Dans ce film aux couleurs froides, l’amour des deux femmes pour leur père est présent jusqu’au bout et vient quelque peu réchauffer l’histoire, à l’image du pull rouge porté par Emmanuèle lors du dernier dîner avec son père.

Un fin usage des outils cinématographiques

François Ozon nous propose dans ce film une mise en scène qui pourrait être considérée comme simpliste mais de cela naît une belle émotion. La caméra d’Ozon nous invite à aller à la rencontre des personnages et de leur histoire. Elle est souvent proche de ces derniers. Les gros plans, associés aux excellentes interprétations des acteurs, nous permettent de saisir les moindres nuances de leurs sentiments.

Le montage aussi ne crée pas de grandes surprises mais l’usage ponctuel de certaines techniques de montage vient accentuer leur force. Ainsi, le montage alterné utilisé lors de la scène au commissariat renforce le sentiment de solidarité présent entre les deux sœurs.

Ce juste dosage dans l’utilisation des outils cinématographiques se retrouve également dans l’emploi de la musique. Il est important de noter que la musique est très peu présente dans l’ensemble du film et que lorsque nous pouvons l’entendre, elle est quasiment toujours extra-diégétique. Elle est donc ancrée dans l’histoire et sa rareté la rend percutante. La musique joue un rôle important dans la famille d’André. Elle crée le lien entre lui, Pascale et son petit-fils Raphaël. Elle accompagne aussi des moments clefs du film comme lorsque le père énonce pour la première fois à Emmanuèle son envie d’en finir. La musique souligne et aggrave les moments forts du film.

"Tout s’est bien passé" frappe par son élégance et sa délicatesse.
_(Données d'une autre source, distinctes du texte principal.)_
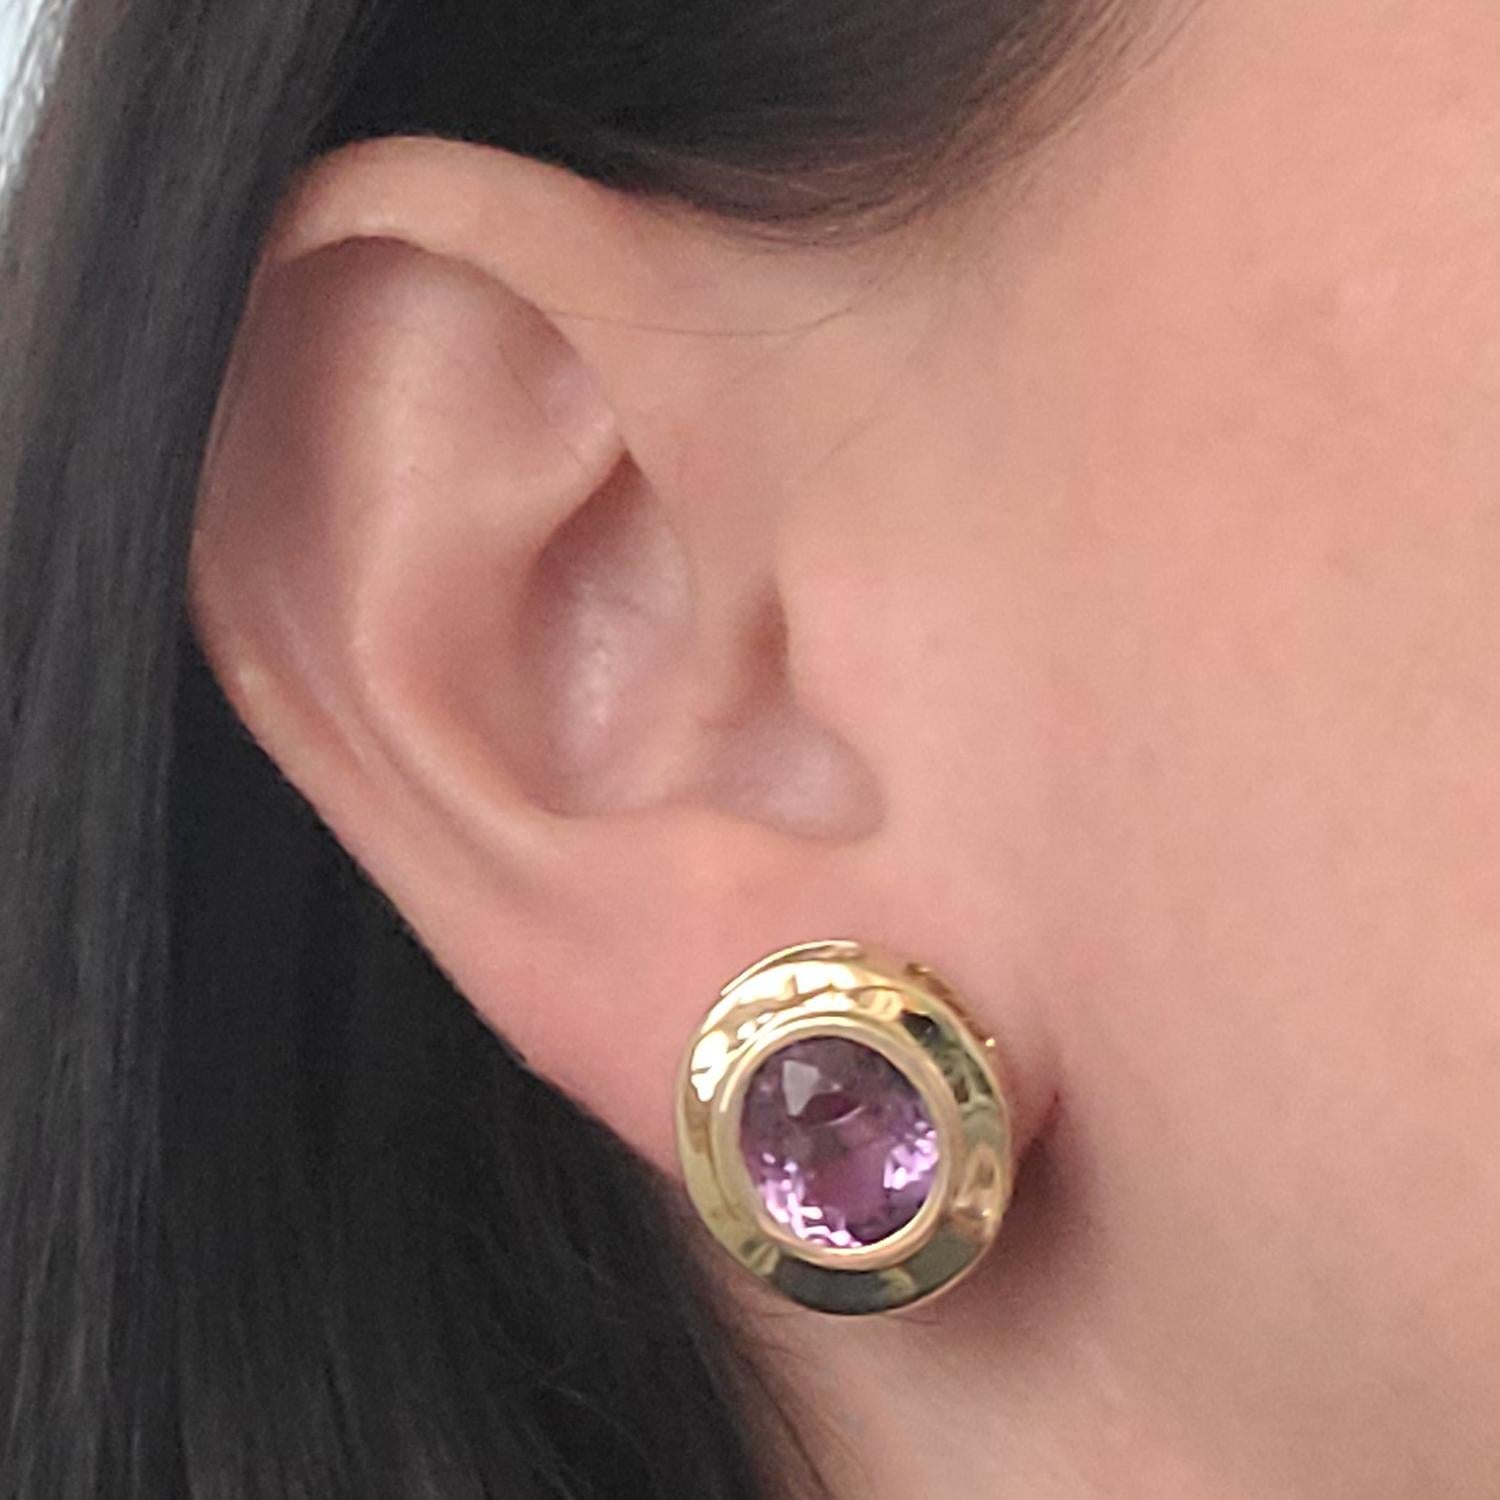 14 Karat Yellow Gold Bezel Stud Earrings Featuring 2 Oval Amethysts Totaling Approximately 6.50 Carats. Pierced Post with Friction Backs. Finished Weight Is 7.0 Grams.

Même si certains enjeux du scénario auraient potentiellement pu être légèrement plus développés (comme les flashbacks qui tentent de nous montrer les conflits passés entre Emmanuèle et son père), le film aborde avec réussite le sujet difficile de l’euthanasie. Il permet aux spectateurs de prendre conscience de tous les aspects que cet acte engage, sans pour autant blâmer une quelconque opinion sur la question.